This essay tries to unpack the culture wars by analyzing the confusing and unsettled sociology that has polarized America. Some of my questions interrogate  both sides in the “culture wars,” rejecting the emphasis on culture to the exclusion of history, political science, and social theory.  (My own views tend toward the classical liberal: thus I am one of those “secular progressives” denounced as enemies to Easter Bunnies and Christmas trees.)]

It is true that politics are messy, by contrast, sociology as the product of German Idealism, is not.  Look back to Herder, Goethe and their successors who promoted a rooted cosmopolitanism.
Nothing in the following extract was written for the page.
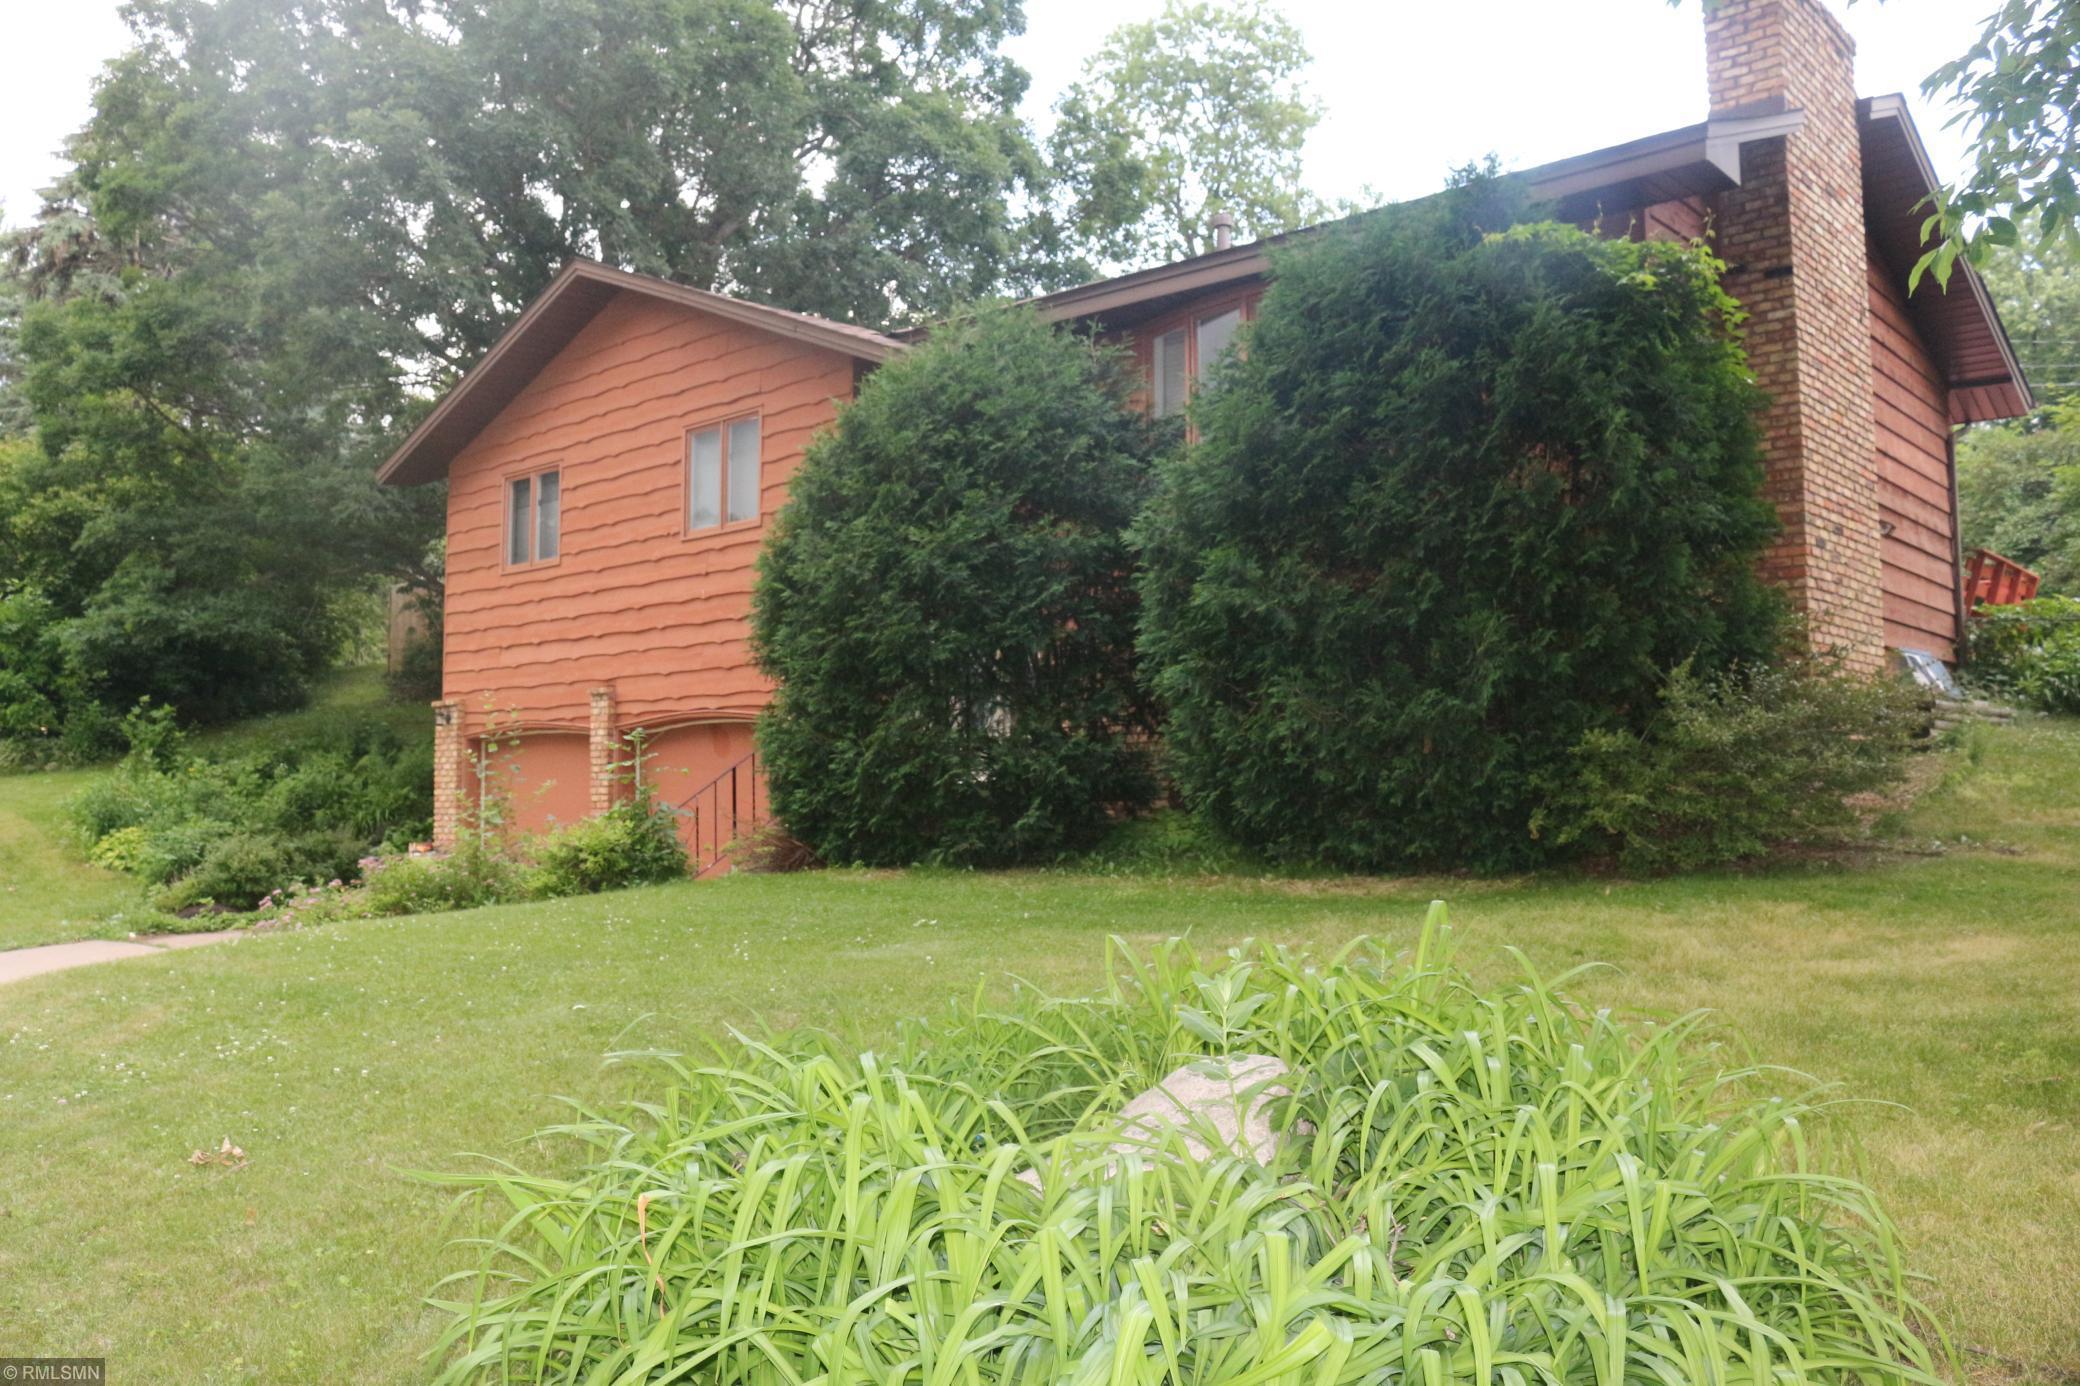 1380 Pierce NE Property Photo - Columbia Heights, MN real estate listing

Their identity politics are tied to the utopian longing for stable national (or international) identity where its mosaic bits assume a beautiful pattern, stretching and yawning perhaps, but not confused, not switching, not turning on each other.  With the mosaic in place (i.e., all “ethnic” groups embraced and expressing themselves, but monomaniacs/socially irresponsible capitalists cut out), hostility/prejudice will become irrational: “inclusiveness” and state regulation will have removed rational sources of disaffection. [1]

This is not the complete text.